Problem —
Quote word for word from the line holding "wedding reception arrangements for tables" to the last line below, including both, and omit any pictures.

Data —
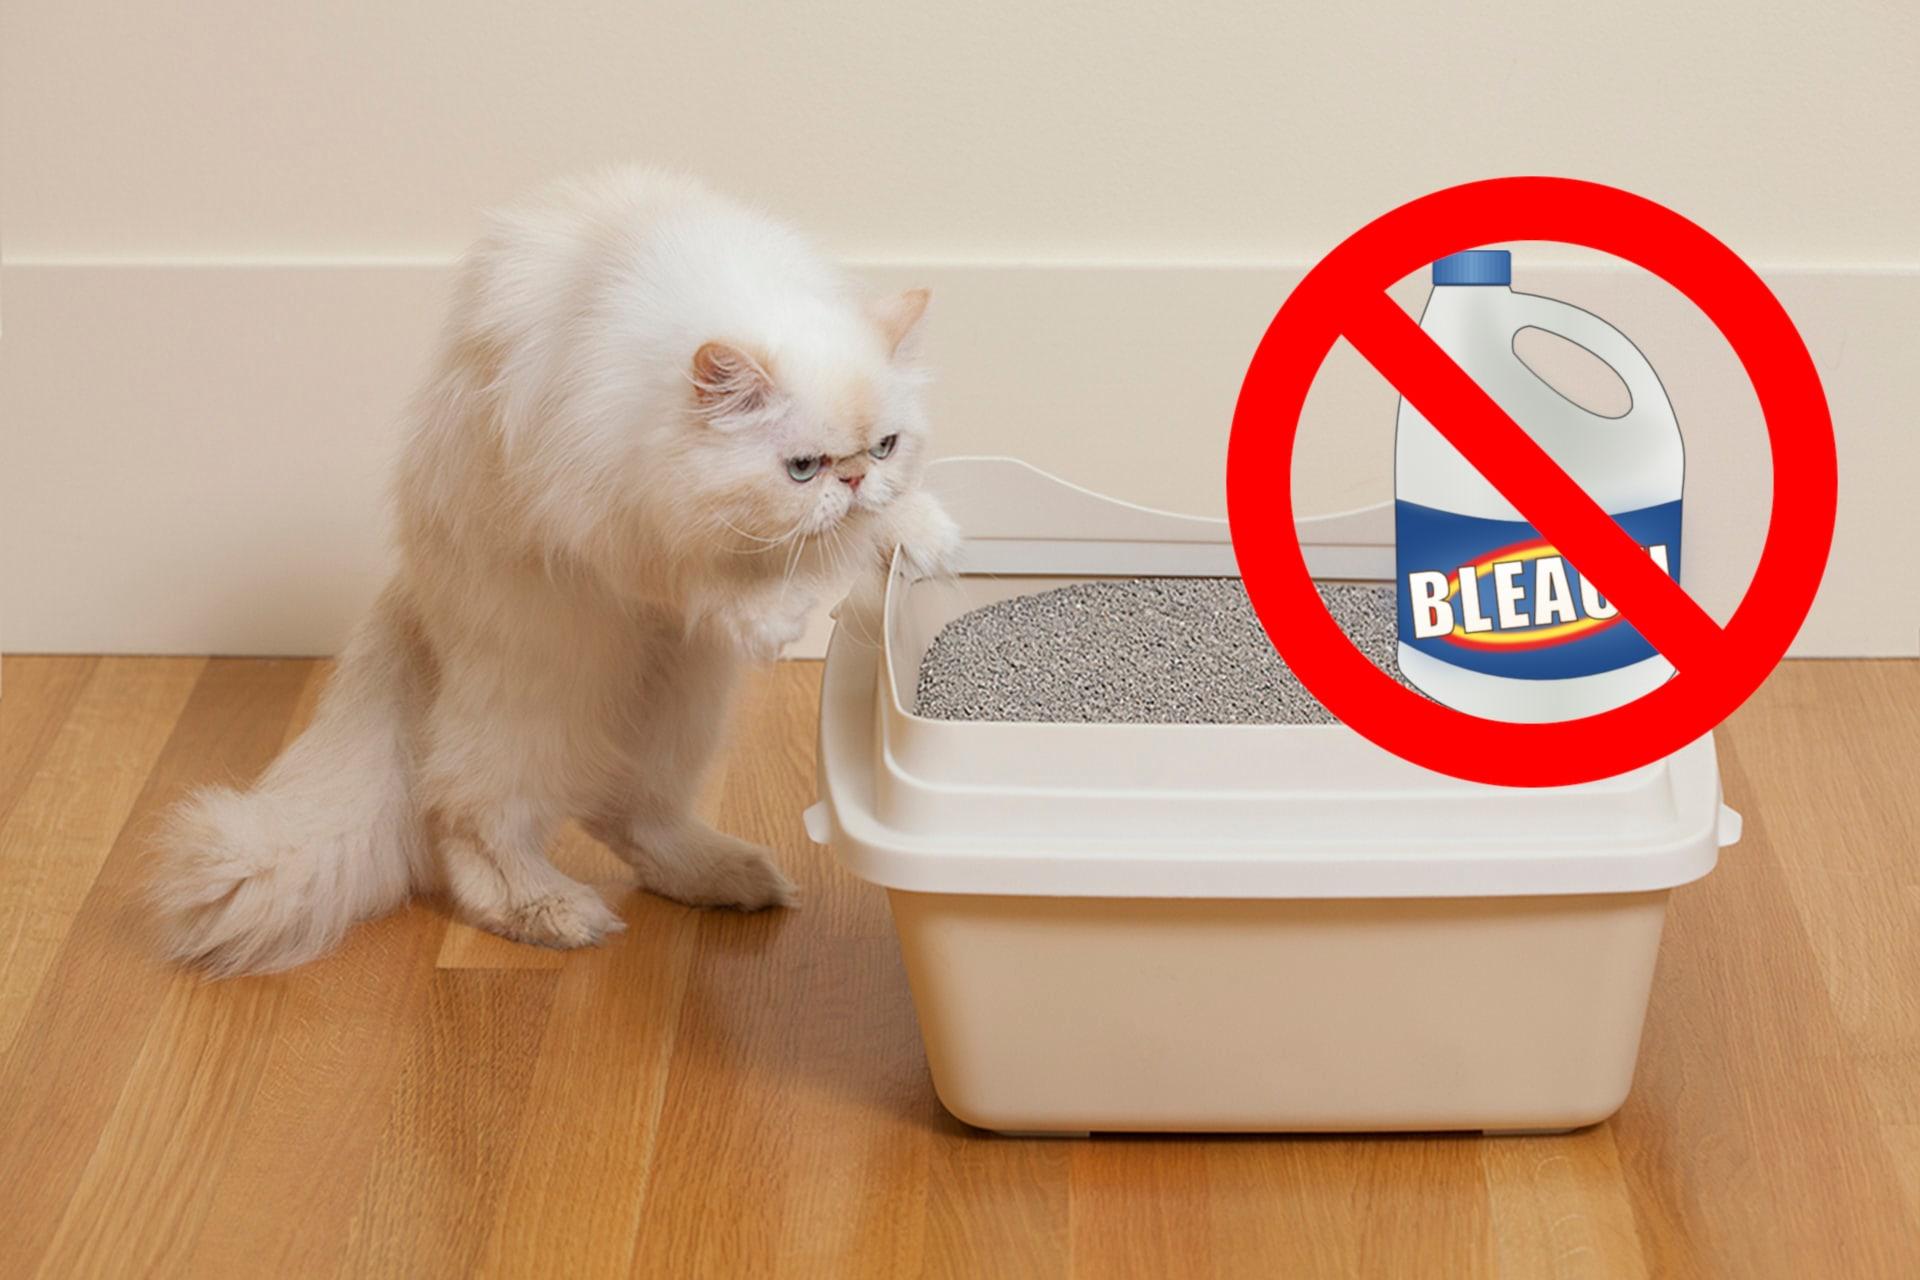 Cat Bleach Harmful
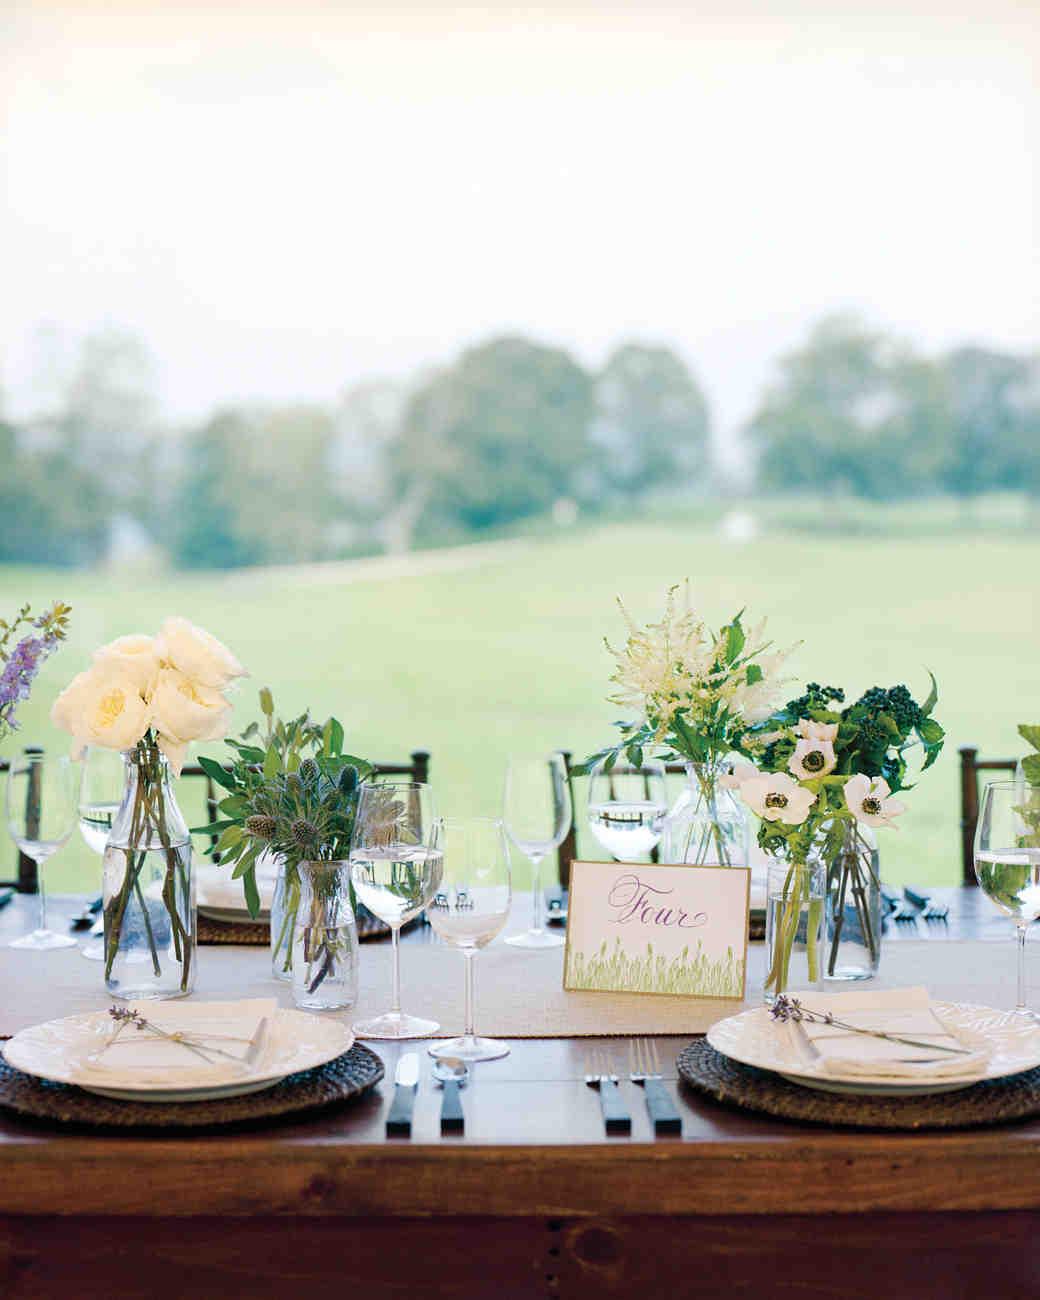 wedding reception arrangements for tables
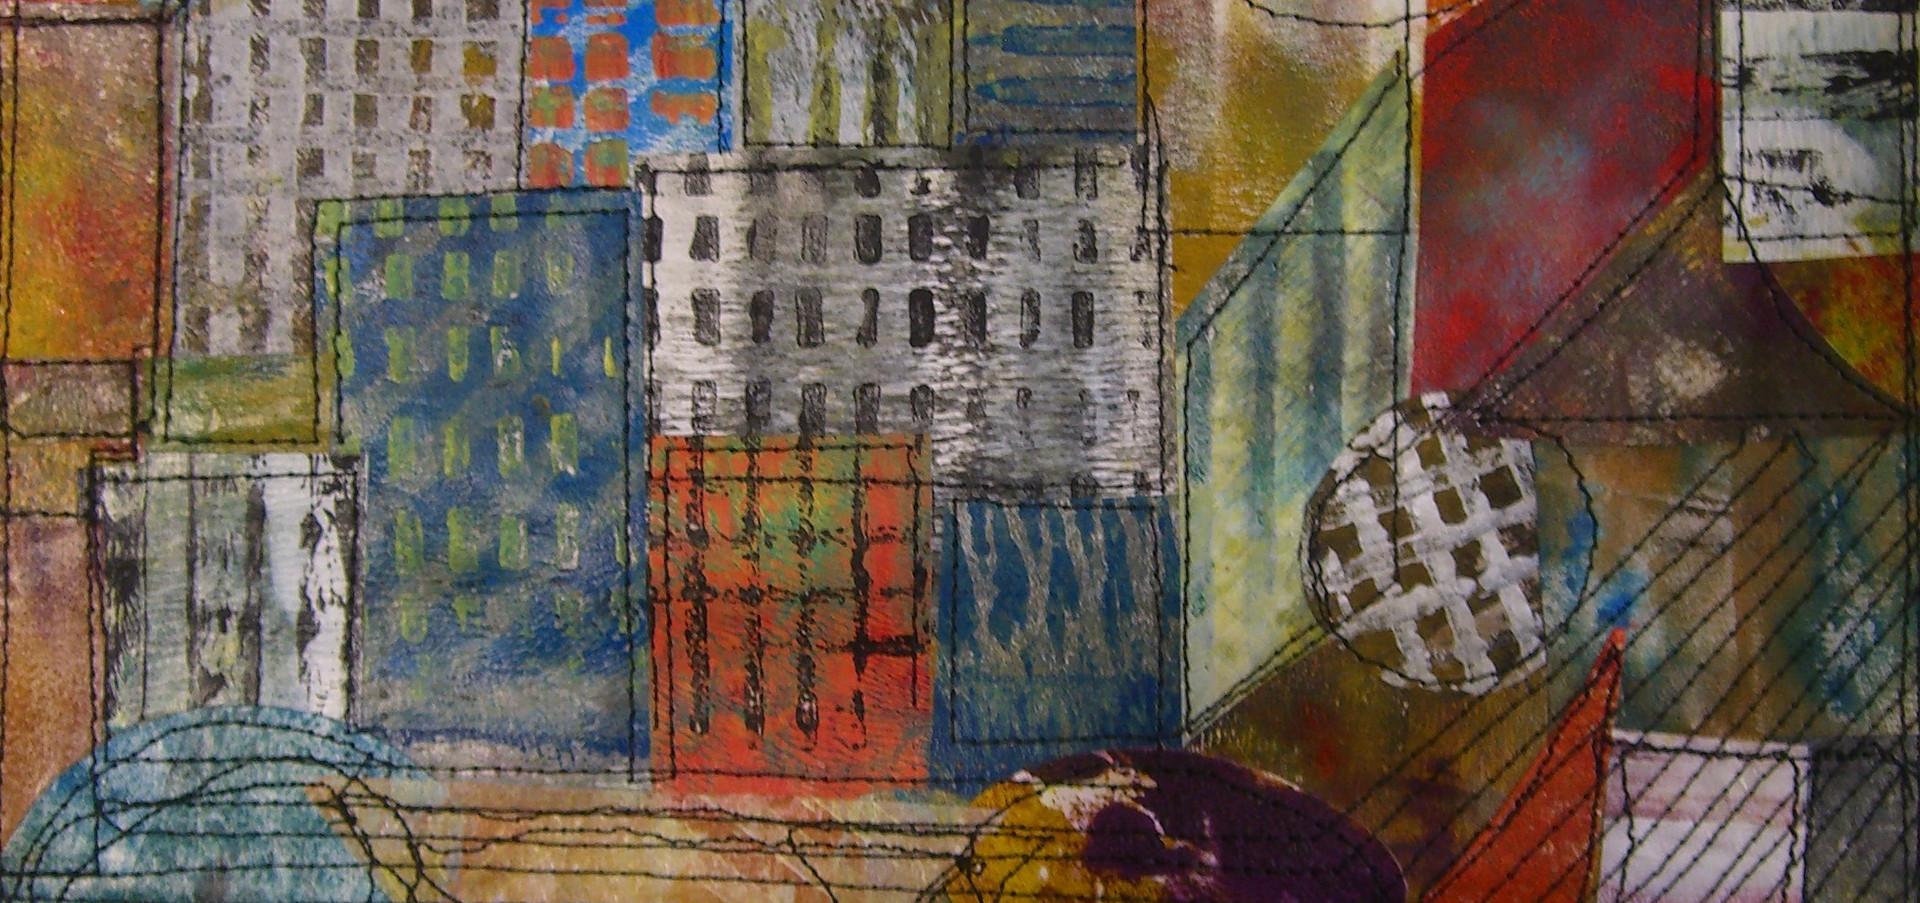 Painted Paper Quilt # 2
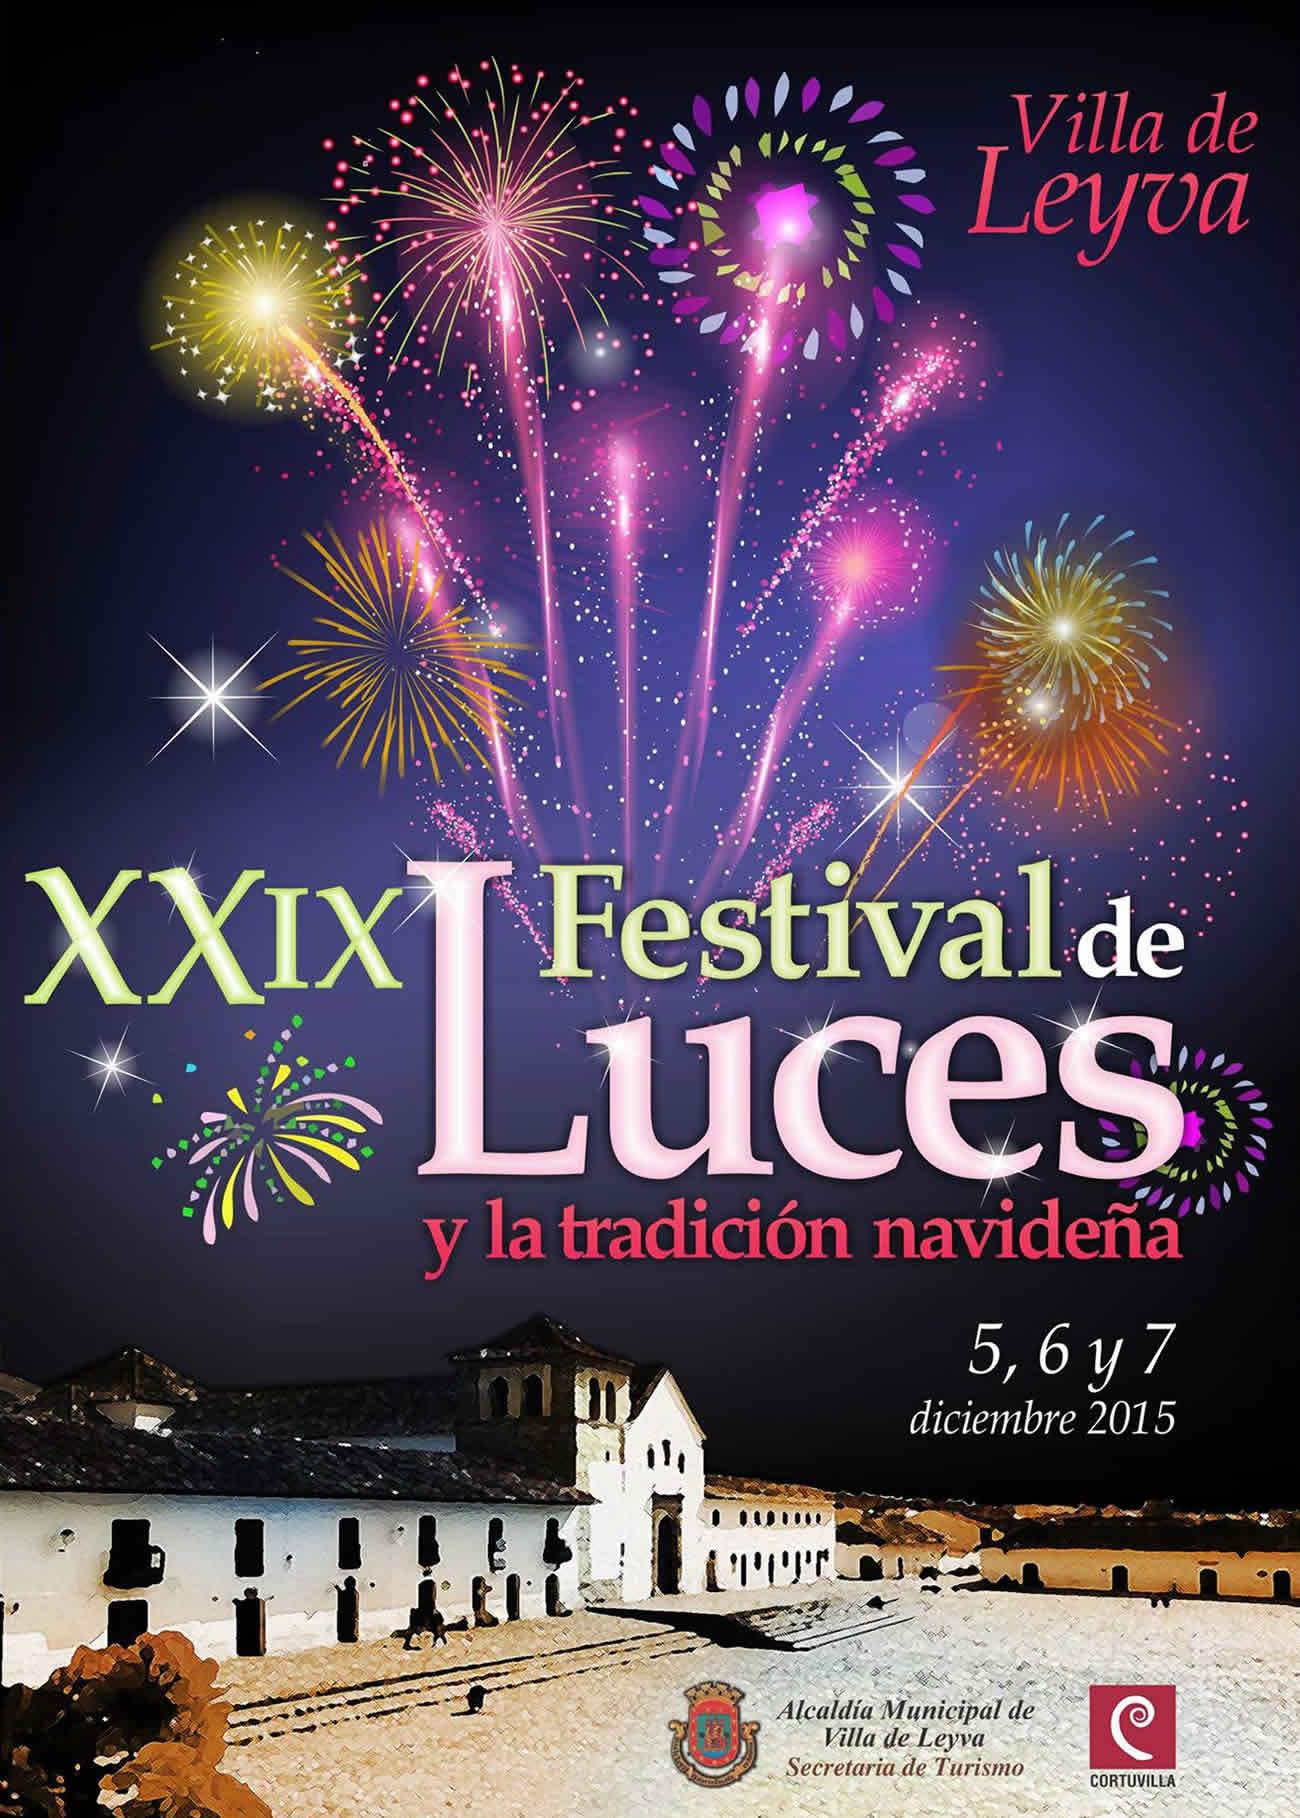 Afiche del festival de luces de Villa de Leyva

Task output —
 wedding reception arrangements for tables
 Painted Paper Quilt # 2
 Afiche del festival de luces de Villa de Leyva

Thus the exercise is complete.